Formative assessment
3 min- Write 3 sentences, each using an infinitive in a different function (noun, adjective, adverb).
- Identify the infinitive function: 'She wrote to clarify her thinking.'
Closure
2 min- Restate: infinitives are flexible — they can be nouns, adjectives, or adverbs; identify the JOB
- Preview lesson 9: active vs. passive voice
Homework
15 min- Find 5 sentences with infinitives in your synthesis-essay sources. Copy into sentences-I-admire notebook with function labeled (noun / adjective / adverb).
Exercises in this lesson
Differentiation
- MG-5 verbal-taxonomy card at desk
- 3-question test card
- Pre-marked example sentences
- Find 5 infinitives in your sources; label each function
- Rewrite a body paragraph from your synthesis essay using 3 different infinitive functions
- Bilingual infinitive function card (many languages mark infinitives differently)

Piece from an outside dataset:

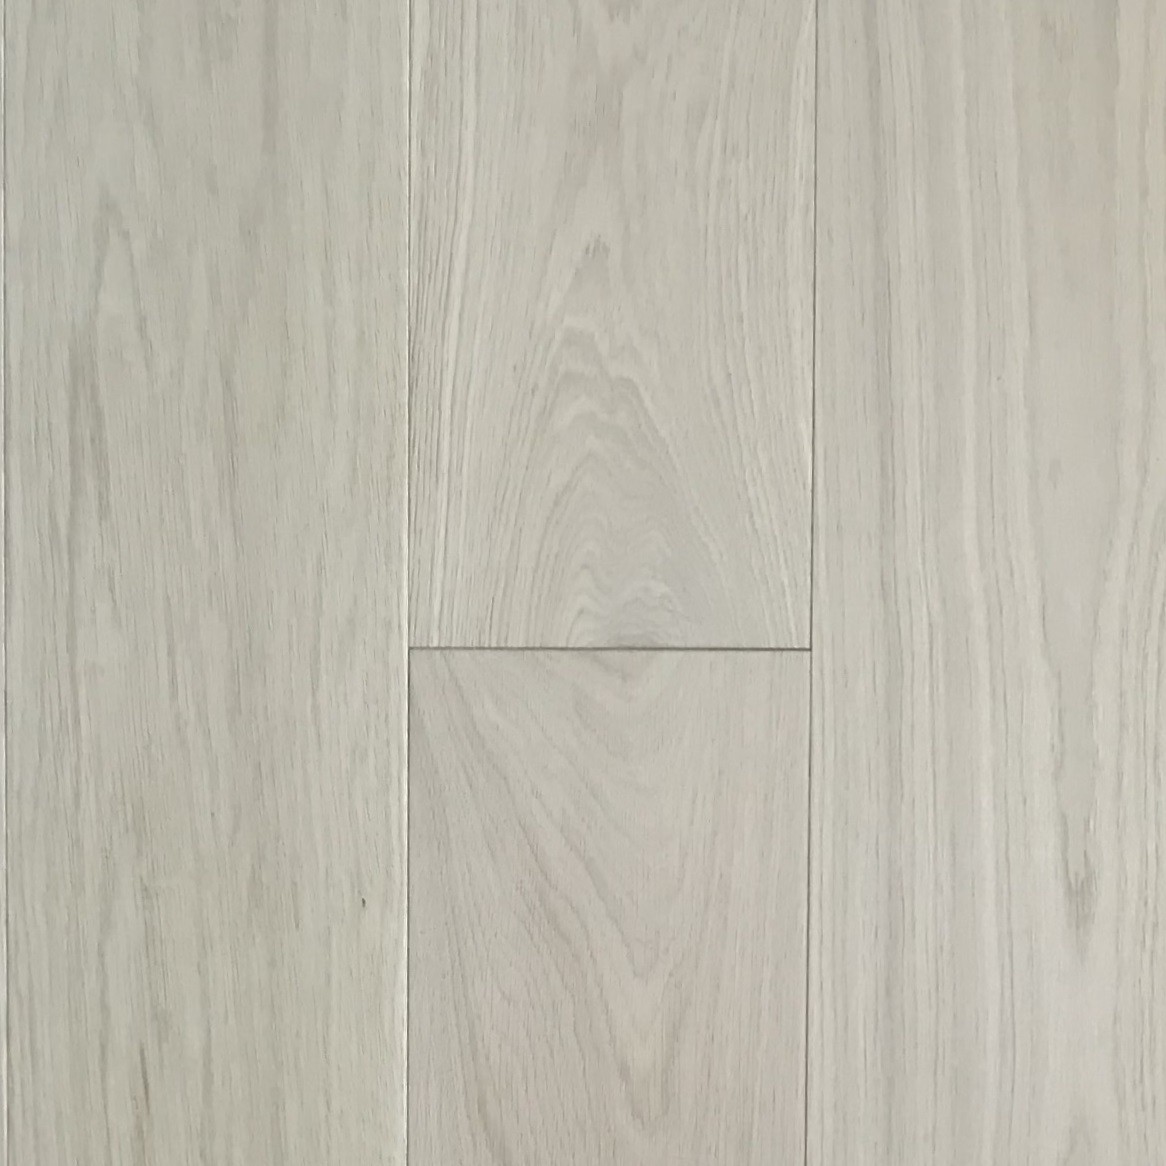 LIVIGNA ENGINEERED WOOD FLOORING OAK BRUSHED INVISIBLE LACQUERED  190x1900mm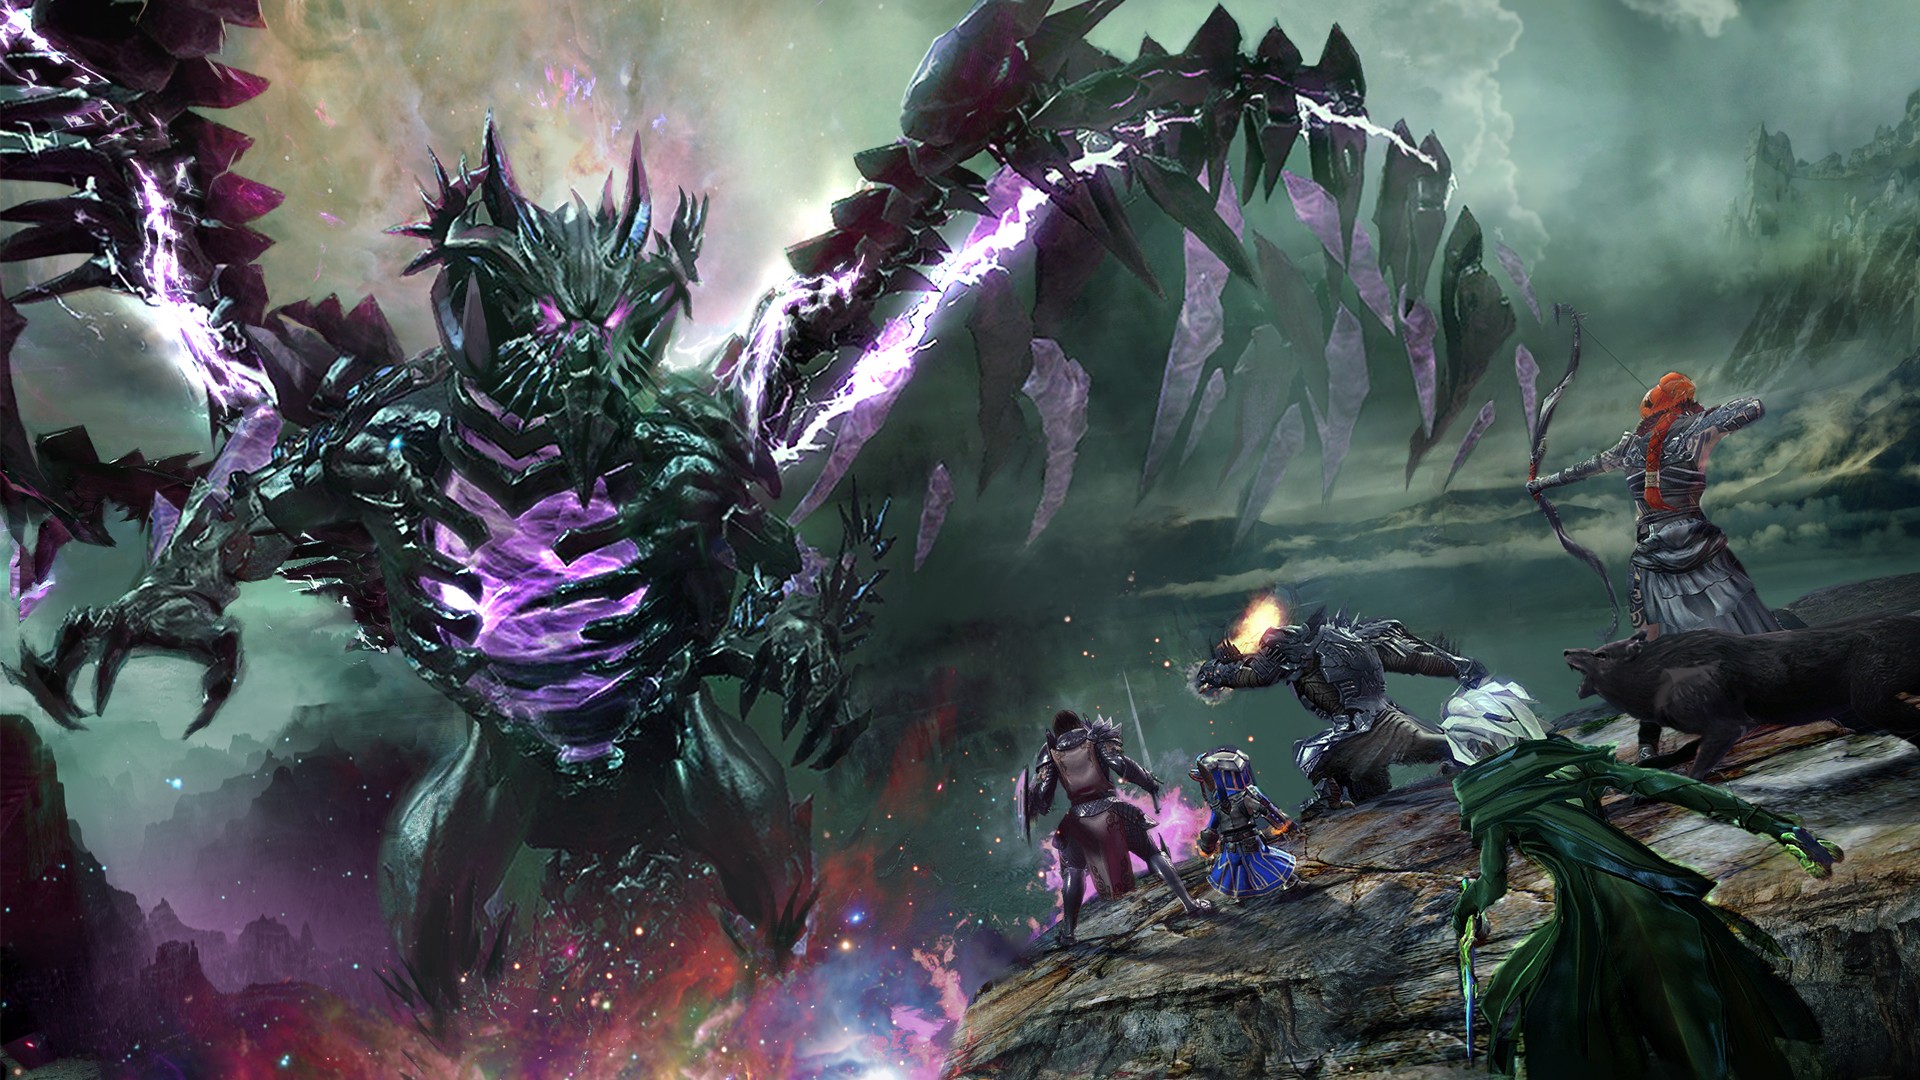 guild wars 2 wallpaper,action adventure game,pc game,cg artwork,strategy video game,adventure game

- Oral function-identification with peer
- Pre-marked sentences with infinitives highlighted
- Reduced target: identify function in 5 sentences instead of 10
Teacher notes
Infinitives complete the verbal triad. Students often resist the three-function flexibility — they want a single rule. The 3-question test ('is it a noun? adjective? adverb?') is the most reliable diagnostic. Adichie's TED talk is rich in infinitive-as-noun constructions ('to tell only a single story is to risk'); use as mentor text. After this lesson, students should be able to identify all three verbals in any sentence — schedule a brief diagnostic in lesson 9 to confirm.